Scope and method: how the evidence is graded

This is a narrative literature review rather than a systematic one. It does not follow PRISMA protocol, and it makes no claim to exhaustive coverage of a field whose primary literature is large and whose commercial and classified activity is, by nature, partially observable. The aim is synthesis: to connect a set of developments the trade and academic literatures usually report in isolation, and to organize them along the pipeline, compute-tier, modality, and ownership axes developed below.

Sources are drawn from three tiers, and the distinction is load-bearing throughout. Claims are graded by which tier supports them.

Tier A — Peer-reviewed publications and primary agency or mission documentation. Used for all foundational and technical claims about onboard inference, hardware, and model architectures.
Tier B — Vendor primary materials: mission pages, specifications, and official program announcements. Used for capability and deployment claims, read with awareness of promotional intent.
Tier C — Reputable trade reporting. Used only for events too recent to have entered the primary literature, and flagged in text as reported rather than established.

Two limitations are stated plainly. First, the single most novel event covered, the April 2026 orbital vision-language demonstration, rests at present on Tier C reporting alone, and is treated accordingly. Second, the field is moving faster than its documentation. This review is a snapshot as of mid-June 2026, and several Tier B and Tier C claims will warrant revision as primary sources appear.

§1 — The inflection

The conventional Earth observation architecture is a courier service. A satellite captures imagery over a target, stores it, and waits for a ground station pass to empty its buffer. Analysts on the ground then apply machine learning or their own trained eyes to decide what the data contains. The intelligence is produced entirely on the surface. The spacecraft is a camera with a radio.

The constraint that holds this architecture in place is bandwidth. A satellite sees far more than it can ever send home. The downlink, not the sensor, is the scarce resource, and the entire economics of the industry has organized itself around that scarcity. Onboard processing is the structural answer, formalized in the literature as orbital edge computing: moving machine inference onto the spacecraft so that it can decide what matters before spending downlink on it.

What makes the present moment worth a formal review is how quickly the answer arrived. The foundational demonstrations took the better part of a decade. The transition to operational, datacenter-grade capability took months. Consider the recent record. Starcloud placed a single Nvidia H100 — on the order of a hundred times the onboard compute of the processors that preceded it in orbit — into very low orbit on 2 November 2025. Loft Orbital deployed Yam-9, carrying a heterogeneous bank of four networked compute units, on 28 November 2025. Axiom Space stood up its first orbital data center nodes in January 2026. In April 2026, a vision-language model answered natural-language queries about imagery from orbit for the first time on record. Four structural firsts in roughly half a year.

The thesis of this review is that these are not isolated press events. They are the surface of a single migration, and they become legible only when arranged against the pipeline they are reshaping and the hardware that finally made the reshaping possible.

§2 — The pipeline: where value is created onboard

The phrase edge computing is borrowed from telecommunications, where it means processing near the network periphery.
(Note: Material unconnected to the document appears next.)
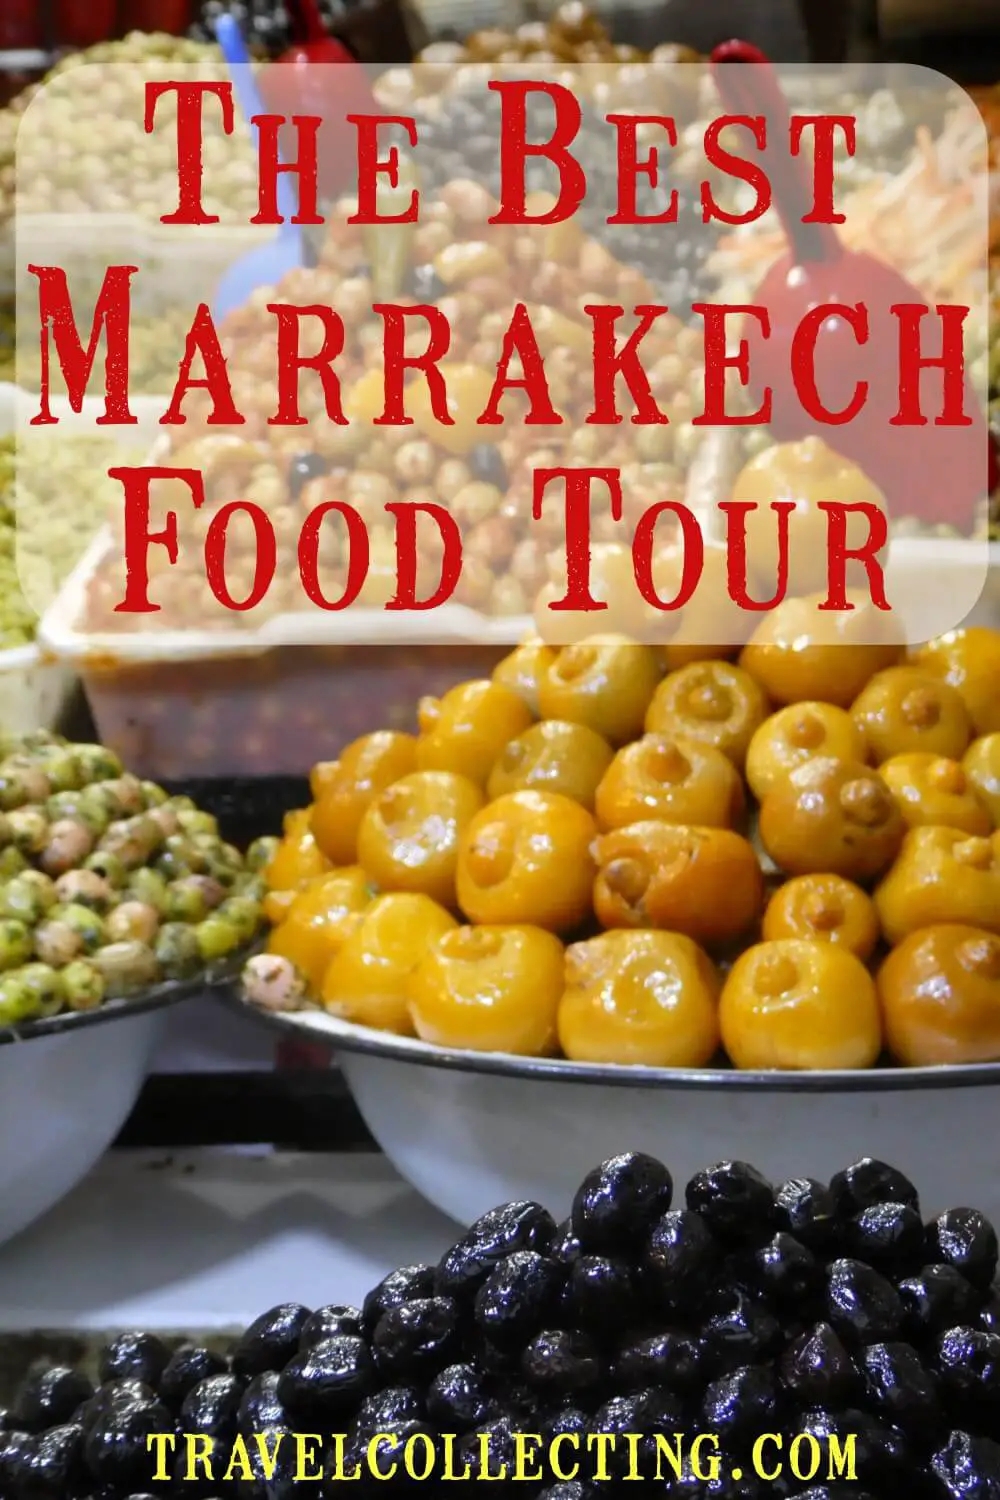 Marrakech foor tour

In Earth observation it means something more specific: processing aboard the spacecraft before the data ever reaches the ground. The phrase flattens a sequence of distinct steps, and the distinctions matter, because each step creates a different product, serves a different consumer, and carries a different risk.
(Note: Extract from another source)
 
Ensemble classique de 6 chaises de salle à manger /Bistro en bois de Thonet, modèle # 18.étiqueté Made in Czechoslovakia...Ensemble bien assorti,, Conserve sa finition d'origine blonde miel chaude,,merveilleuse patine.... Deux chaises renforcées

Stage	Function	Effect on downlink
Acquisition	Sensor captures over the area of interest. Identical to any conventional mission.	None
Calibration	Radiometric correction, noise removal, quality adjustment.	Negligible, but consequential downstream
Filtering	Cloud masking, discarding empty terrain, dropping irrelevant frames.	First major reduction
Compression	Conventional or learned encoding. The compressed form can double as an embedding.	Order-of-magnitude reduction
Inference	Detection, classification, feature extraction. Imagery becomes information.	Reduces to a report rather than a scene
Output	What leaves the spacecraft, and in what form. The branch point.	Defines the product

The onboard pipeline, after the structure set out in the TerraWatch Space edge-computing review. Reduction compounds from filtering onward. The output stage is where architectures diverge and where business models are decided.

Two of these stages deserve emphasis because they are routinely underweighted. The first is calibration. Performed poorly or inconsistently onboard, calibration produces a product that will not integrate cleanly with ground-processed data downstream. This is not a cosmetic concern. It is the seam along which the whole edge proposition either holds or fails, and we return to it in section nine.
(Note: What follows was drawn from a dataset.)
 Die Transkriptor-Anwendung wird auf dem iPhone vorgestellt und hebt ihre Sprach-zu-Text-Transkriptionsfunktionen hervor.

The second is the dual nature of learned compression. A neural network trained to encode a scene into a compact representation produces something that can serve two masters. It is a smaller file to downlink, and it is also an embedding — a numerical fingerprint that downstream models can consume directly for classification or change detection without ever decompressing the original image. The implication is quietly radical. If the downlinked product becomes the embedding rather than the picture, then the question of whose embedding schema everything conforms to becomes the entire commercial contest, a point developed in sections seven and nine.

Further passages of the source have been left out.